Braco Dimitrijevic: His Pencil's Voice

1.200,00 €

Braco Dimitrijević: His Pencil's Voice / Njegove olovke glas
B/W photos Sven Stilinović & Fedor Vučemilović
Galerija SC & Muzički salon Teatar ITD
Zageb, 1973.
Single. Jacket / wrap & "records".

In very fine codition. Very very rare.

Ursula Block’s seminal catalog of art records and anti-records, entitled Broken Music, includes several artifacts that today are coveted by collectors of unusual records. One seminal item in that catalog Njeqove Olovke Glas, a.k.a. His Pencil’s Voice, a “record” produced by the conceptual artist Braco Dimitrijević: he piece is an LP jacket with a piece of cardboard inside; the “record” is a piece of cardboard inside the jacket.

Dimitrijević used a pencil to draw a spiral on the cardboard record, meant to represent the its grooves. The title, His Pencil’s Voice, is no doubt a reference to the early record label, His Master’s Voice: Little is known about His Pencil’s Voice, so I emailed Braco Dimitrijević to learn more. He is a man of few words, always keeping things to the point when conversing via email. He explained that His Pencil’s Voice was created for a solo exhibition in London’s Situation Gallery, which was a linchpin of the modern art scene in the seventies.

“What bothered me always was the process of realization from the idea, the sketch to the final art work,” he explains. “This was not only in visual arts, but in music too. So I wanted to create a record with no score performed, but what is written is drawn to be played.”

In essence, Dimitrijević saw His Pencil’s Voice as a more direct way of producing a final art product, cutting out the laborious production process. “I drew by hand the spiral on the paper and brought it to printers to make a zinc plate to emboss and print the label,” he recalls. “In other words, unlike a classic record where the music is written as notes, which are then played by one or several instruments, recorded, and listened to, for my record what is written is played directly by the record player.”

Dimitrijević points out to me that he has made analogous works using photographs and stone as media, but doesn’t elaborate. I suspect he is talking about the series of works from the start of his career that began life in 1968 as “Accidental Sculpture” and “Accidental Drawings and Paintings,” both projects he started while still in art school in Zagreb. On one occasion in 1971, he made a “portable monument” — a stone plaque that could be placed anywhere, which bore the inscription, “This could be a place of Historical Importance.” This seemingly satisfies the same criteria as His Pencil’s Voice, in that Dimitrijević is bypassing the creation process by designating any environment as artistically significant.

The other analogous project is his “Casual Passer-By” series of photographs, which is archived at the Tate Modern art museum in London and the Museum of Modern Art in New York.
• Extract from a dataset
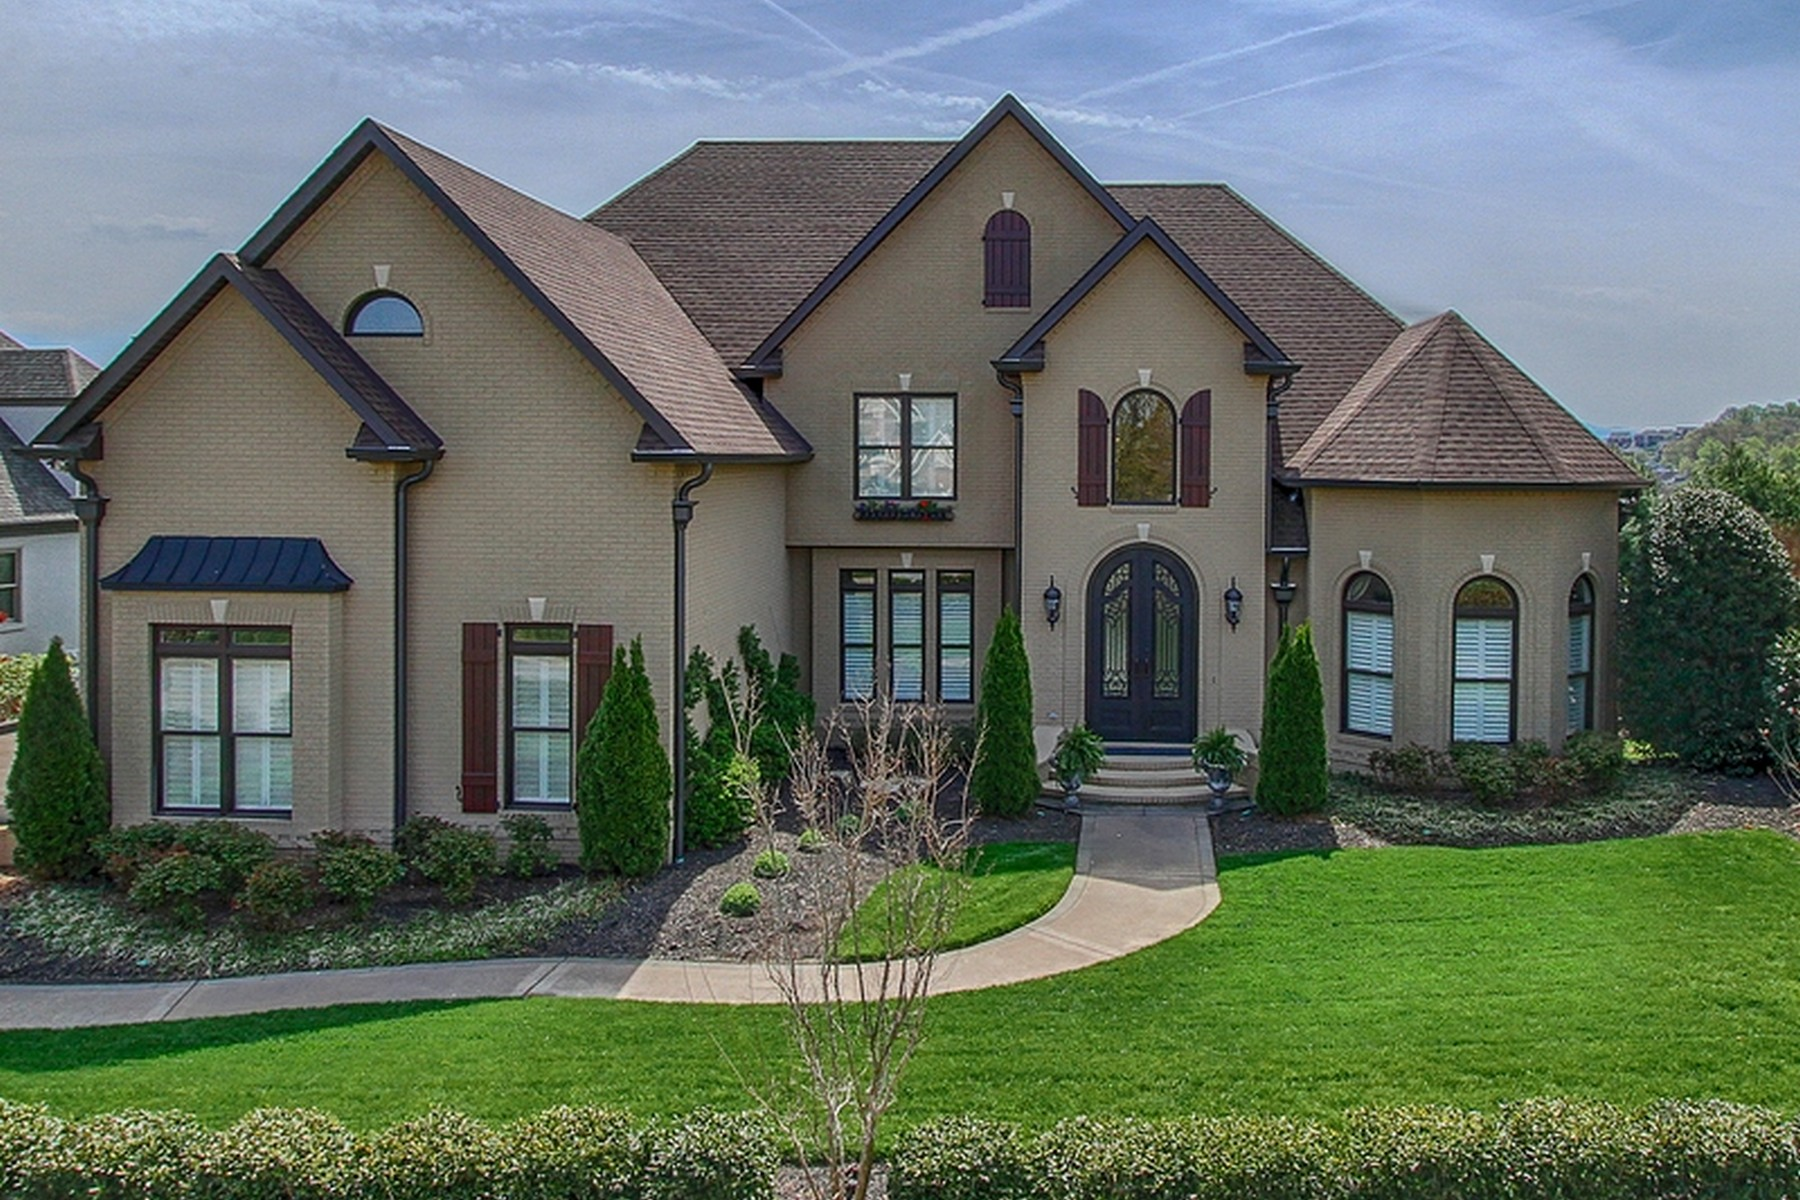 Moradia para Venda às Magnificent Home for Entertaining at Gettysvue 9238 Linksvue Dr Knoxville, Tennessee, 37922 Estados Unidos

For that work, he took portraits of people that he encountered on the street. His rules were simple: he took the first person he encountered that was willing to participate, documenting the person’s name along with the time and date. This image was then pasted, like a billboard, on a London bus for two weeks. By bypassing the usual selection of a formal “model,” as well as the typical methodology done to prepare for a photo shoot (makeup, lighting, set design), he again skips the typical artistic production process in favor of something more direct.

Dimitrijević isn’t sure how His Pencil’s Voice ended up in Ursula Block’s book, but he does tell me that it was included as the final record for an exhibition called “The Record as artwork: from futurism to conceptual art,” which was assembled by the famous Italian art historian Germano Celant. Celant is known for introducing the term Arte Povera (“poor art”), referring to a process of creation that breaks from the traditional practices and materials used in art, instead favoring cheaper and more rudimentary materials. One can see this tendency in His Pencil’s Voice, which substitutes graphite on cardboard for a professionally reproduced vinyl record.

Over the years, Dimitrijević has produced an extensive body of work, and I reflect that he may regard His Pencil’s Voice as one minor work among many. To wrap up my questions, I ask him what his thoughts are on this piece, nearly forty years after the fact.
“I did a good job,” he tells me, with characteristic brevity.